So natural wine now has an official charter in France. Is it becoming a box-ticking exercise?
The syndicate did get something right, and that is that the status quo needs to change. Natural winemakers have been waving the same old flag since the 1980s. Back then, as agriculture sped full speed ahead into new tech like an army on pep, the Gang of Four’s return to old practices was radical.
But times are different now; the old way is the new normal. We understand about herbicides and pesticides and how you need great grapes to make great wine. The question for 2020 is: How to bring this movement up-to-date?
I understand that there are benefits to classifying. One is the advantage of writing the rules before someone else does. Another is that papers offer proof to people otherwise not inclined to accept what you do, think or believe. But sticking a label on something is rarely a way to generate change. Trying to stick a label on something without an endpoint is a fool’s game.
Sticking a label on something is rarely a way to generate change
Natural wine is a journey. It is a seed sown for the future; a spark to be fanned into flame. Hammering down a movement at one moment in time is as meaningful as seeing your destination on the signs for the first time on a long drive, with 200 km still to go. It gives a false sense of having arrived, a false sense of security. What we need is to be kept on our toes. Urgency.

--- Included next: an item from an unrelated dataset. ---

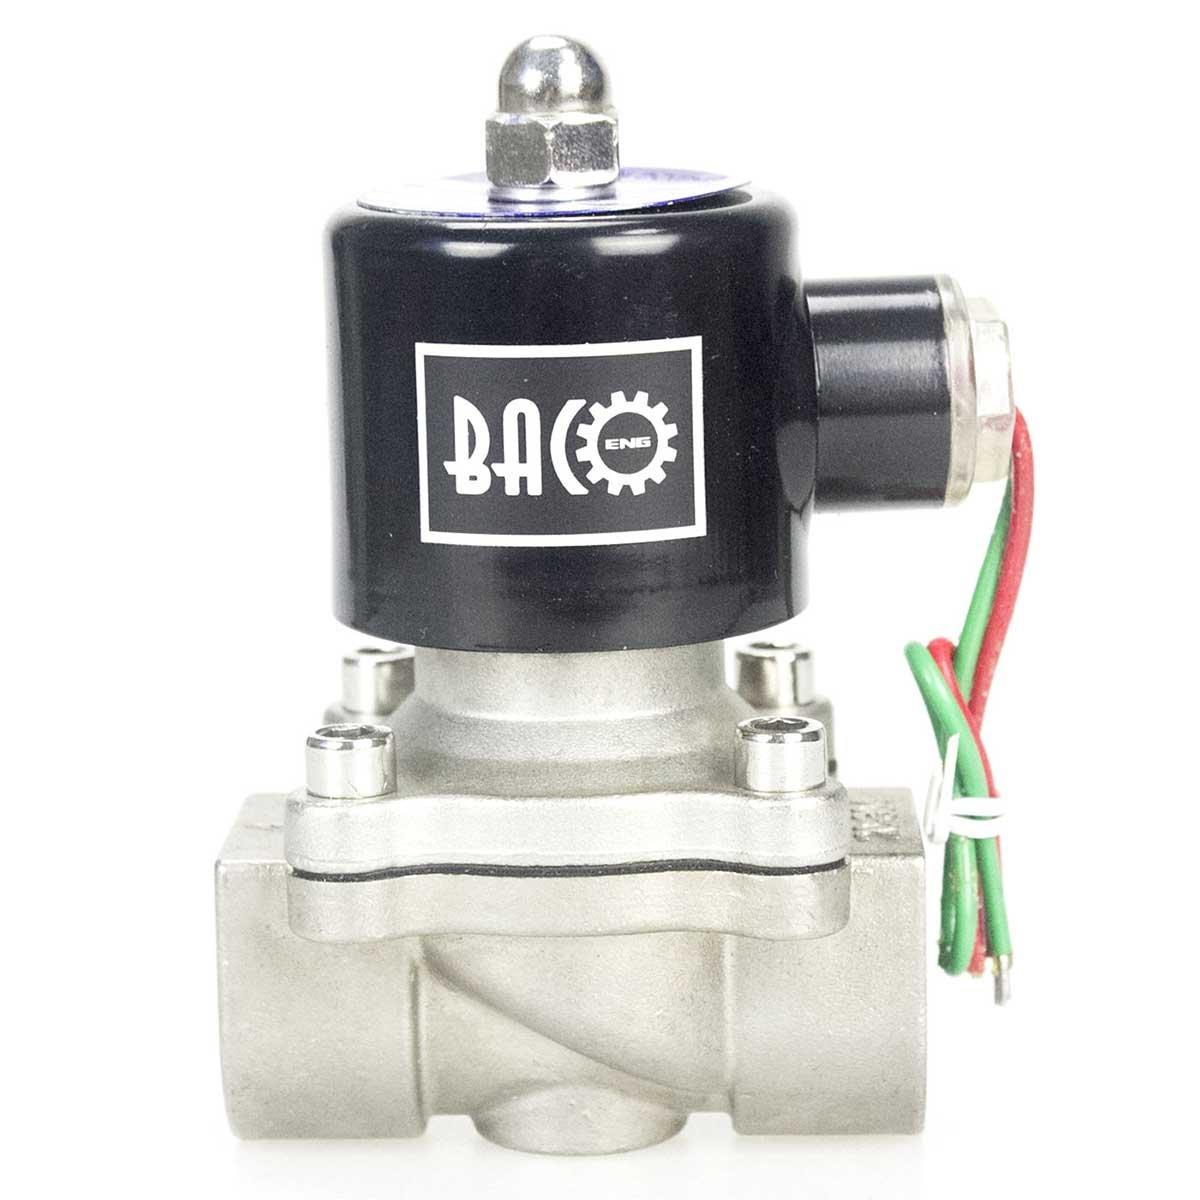 BACOENG DC 24V 1 v/álvula de solenoide el/éctrica Acero inoxidable Solenoid Valve para agua aire aceite NC

Organic is just the tip of the glacier. The substantive stuff goes much deeper. What matters is not just the health of your hectare of earth but how you treat all of her. Not the way you treat your vines but how you respect all life. Organic is not, in case you missed the irony, a box-ticking exercise either.
If natural wine is a product of ideals and the people who make them are full of those ideals, why aren’t we demanding more than organic? If certification was something to be pinned on one’s heart with pride and not something to bury under bureaucracy, cheat or buy, what would it look like?
Perhaps we can’t codify spirit, but that’s no excuse for not doing what’s needed if natural wine is to make the world a better place.
So what needs to change?
Water footprints are the next big problem. I’ve worked in one cellar where the winemaker was mindful of capturing and recirculating water, but in many more where they’re not.
Plastic. We use and throw away tonnes of it.
A vineyard is a monoculture. A token peach tree amidst your vines is still a monoculture.
Bottling. We’ve come to accept this as standard, but it’s a relatively recent idea for everyday wine – and with so many wines being drunk within their first year, is bottling always necessary? Glass accounts for more than 40% of a standard bottle’s total filled weight, and adds considerable shipping costs plus the energy needed to recycle and reform. There are alternatives.
Wine miles. Does a winemaker deserve the karma of being certified organic when 80 per cent of their production is trucked across the planet?
Cleaning products. Some winemakers use just hot water. Others use bottles decorated with skulls.
These are actionable measures that in my experience can make a real difference day by day. For each there are choices to be made. How much you use if at all, when, how much you save. It’s not about all or nothing, good vs bad but about being mindful. These are the stripes we should add to the new flag we will wave.
In Latin, ‘radical’ is radix, meaning ‘root’. Certification is for consumers, but fundamental change doesn’t happen top down. It grows from the roots – from the bottom up.